This conclusion to push forward for Lancaster Sound was reached on June 19. We were to the west of North Cornwall Island, but a persistent local fog gave only an occasional view of its icy upper slopes. The west was clear, and King Christian Land appeared as a low line of blue. About us the ice was small but free of pressure troubles. Bear tracks were frequently seen as we went along. The sea was bright. The air was delightfully warm, with the thermometer at 10° above zero.

At every stop, the panting dogs tumbled and rolled playfully on the snows, and pushed their heated muzzles deep into the white chill. If given time they would quickly arrange a comfortable bed and stretch out, seemingly lifeless, for a refreshing slumber. At the awakening call of the lash, all were ready with a quick jump and a daring snarl, but the need of a tight trace removed their newly-acquired fighting propensity. They had gained strength and spirit with remarkable rapidity. Only two days before, they stumbled along with irregular step, slack traces, and lowered tails, but the fill of juicy bear's meat raised their bushy appendages to a coil of pride—an advantage which counted for several miles in a day's travel.

The drift carried us into Penny Strait, midway between Bathurst Land and Grinnell Peninsula. The small islands along both shores tore up the ice and piled it in huge uplifts. There was a tremendous pressure as the floes were forced through narrow gorges. Only a middle course was possible for us, with but a few miles' travel to our credit for each day. But the southerly movement of the groaning ice was rapid. A persistent fog veiled the main coast on both sides, but off-lying islands were seen and recognized often enough to note the positions. At Dundas Island the drift was stopped, and we sought the shores of Grinnell Peninsula. Advancing eastward, close to land, the ice proved extremely difficult. The weather, however, was delightful. Between snowdrifts, purple and violet flowers rose over warm beds of newly invigorated mosses—the first flowers that we had seen for a long and weary time, and the sight of them, with their blossoms and color, deeply thrilled me. From misty heights came the howl of the white wolf. Everywhere were seen the traces of the fox and the lemming. The eider-duck and the ivory gull had entered our horizon.

All nature smiled with the cheer of midsummer. Here was an inspiring fairyland for which our hearts had long yearned. In it there was music which the long stiffened tympanums were slow in catching. The land was an oasis of hardy verdure. The sea was a shifting scene of frost and blue glitter. With the soul freed from its icy fetters, the soft, sunny airs came in bounds of gladness. In dreamy stillness we sought the bosom of the frozen sea, and there heard the groan of the pack which told of home shores. Drops of water from melting snows put an end to thirst tortures. The blow of the whales and the seals promised a luxury of fire and fuel, while the low notes of the ducks prepared the palate for dessert.

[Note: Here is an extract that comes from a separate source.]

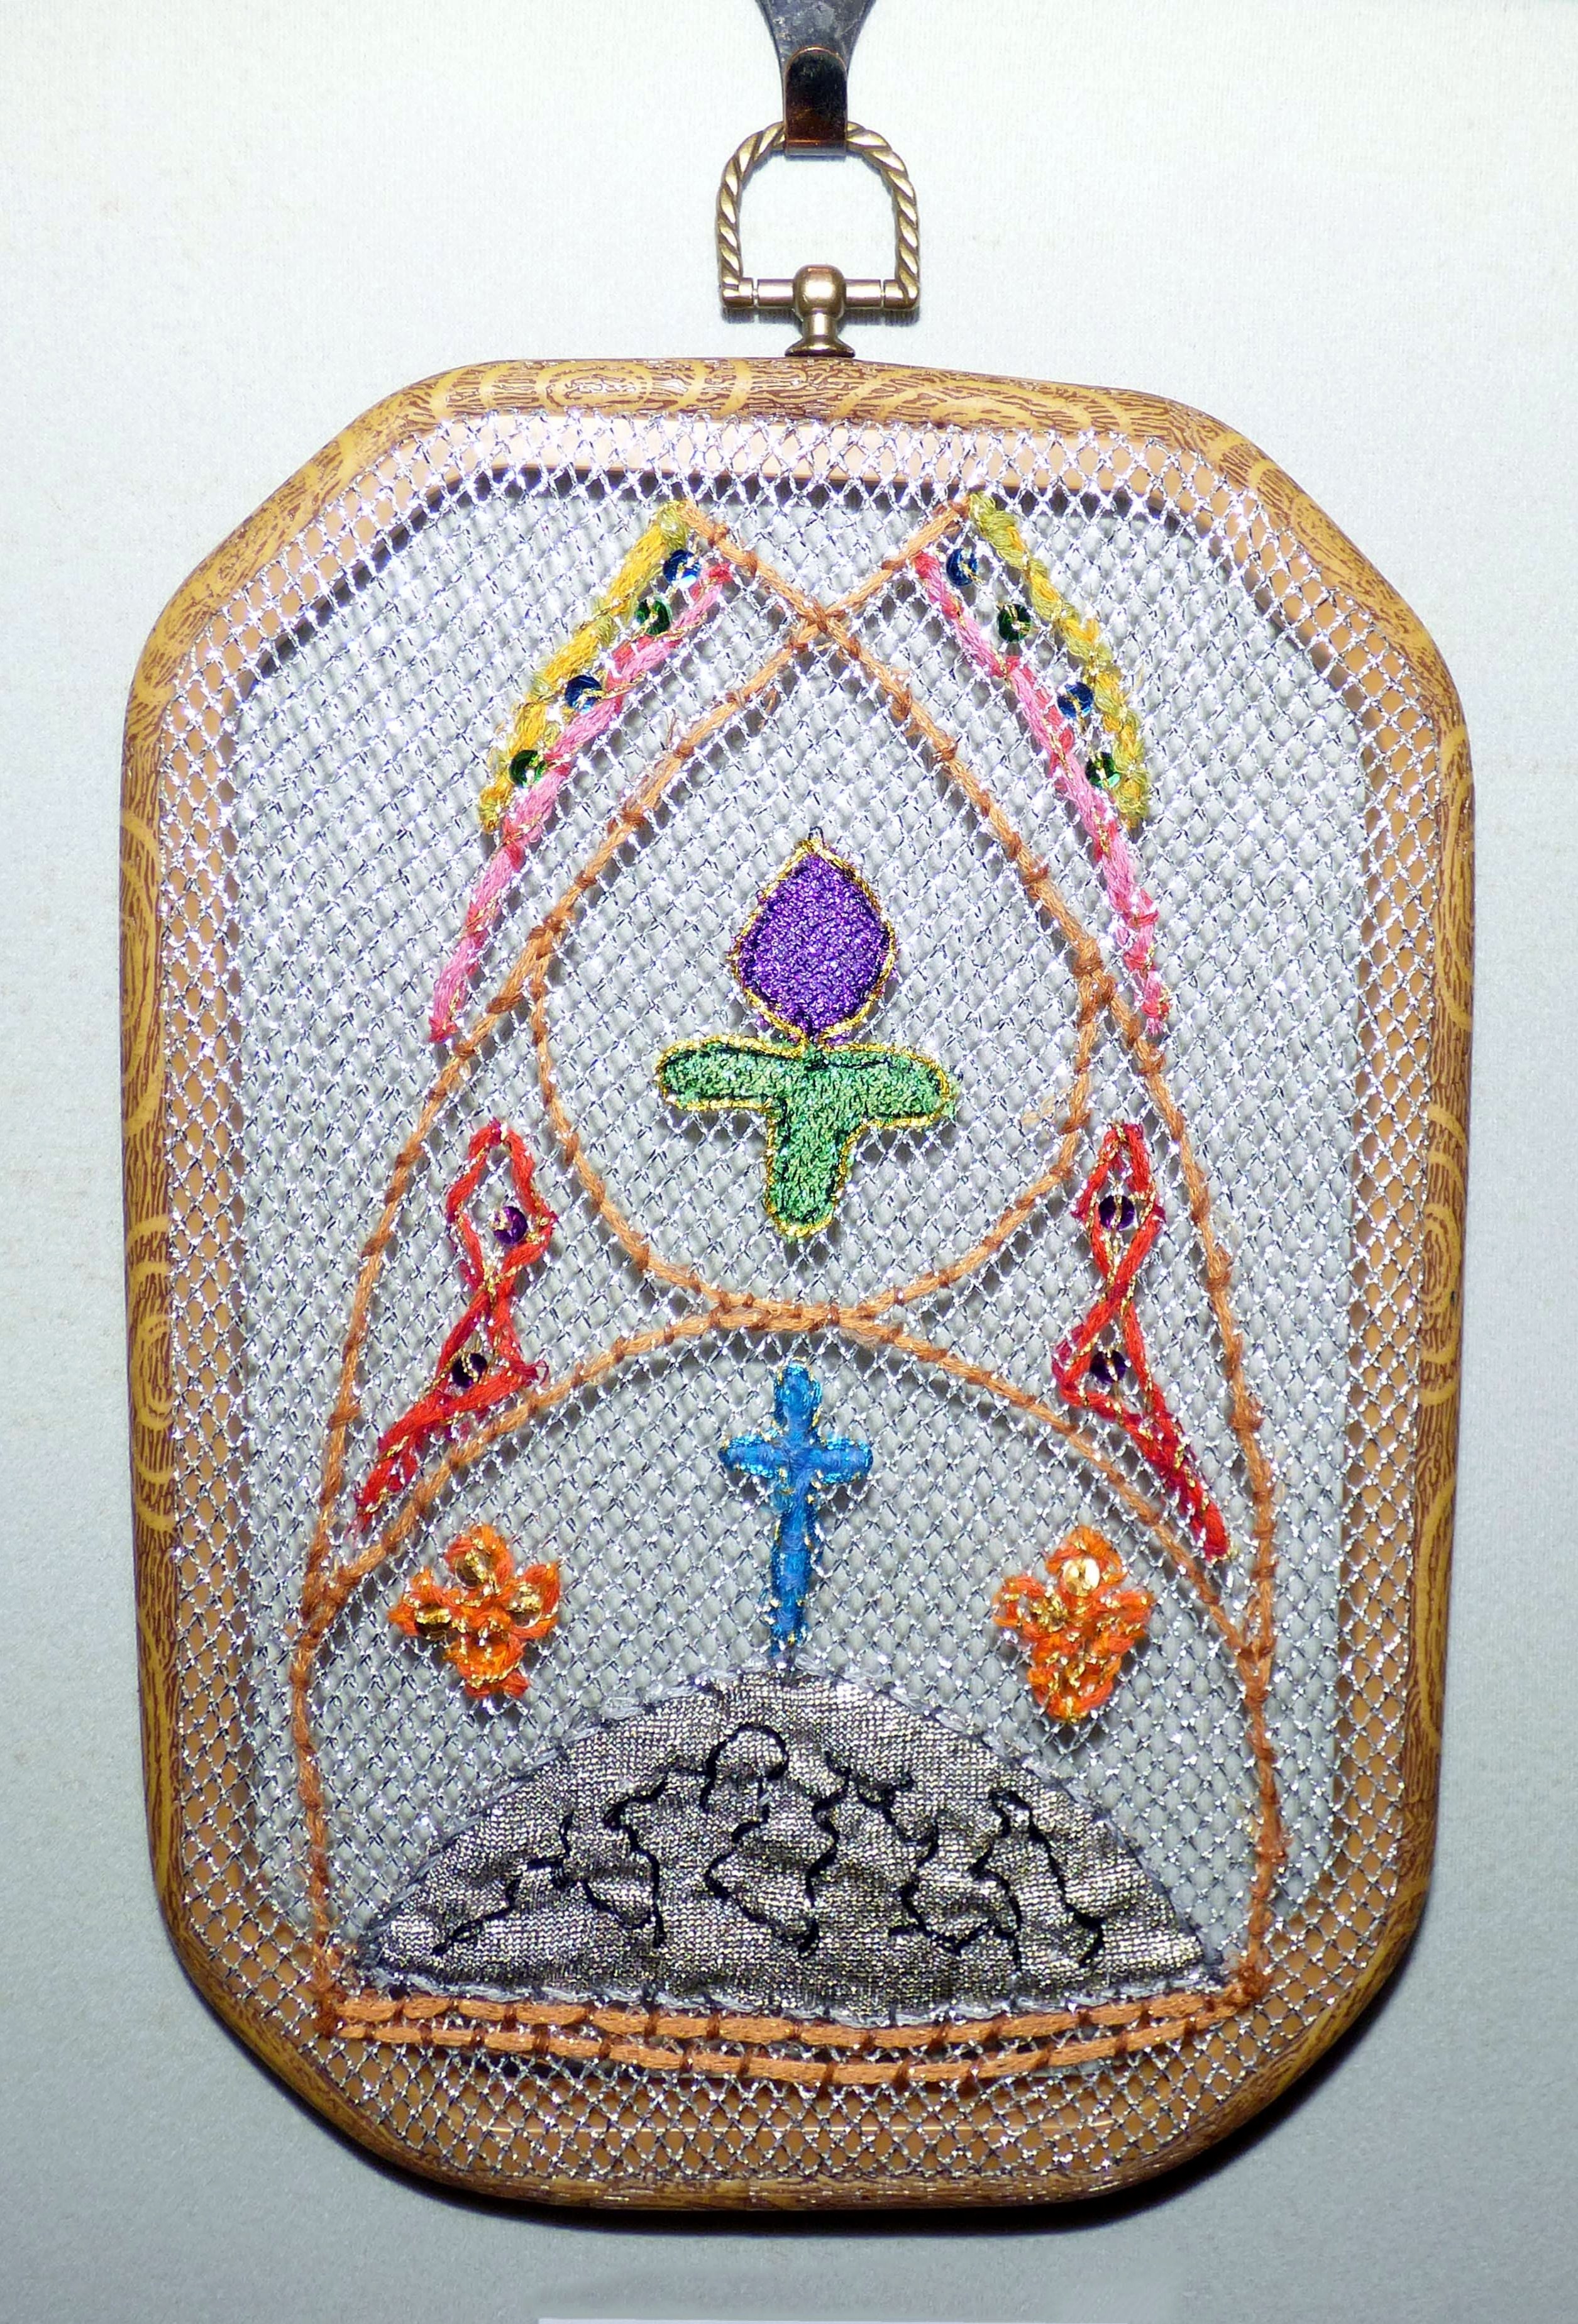 MINIATURE STAINED GLASS WINDOW by Eileen Sampson, mixed media ,wool and metallic threads with appliqué on silver mesh, Exhibition at All Hallows Church, September 2022

As we neared a little moss-covered island in drifting southward, we saw the interesting chick footprints of ptarmigan in the snow. The dogs pointed their ears and raised their noses, and we searched the clearing skies with eye and ear for the sudden swoop of the boreal chicken. I had developed a taste for this delicate fowl as desperate as that of the darky for chicken, and my conscience was sufficiently deadened by cold and hunger to break into a roost by night or day to steal anything that offered feathery delights for the palate.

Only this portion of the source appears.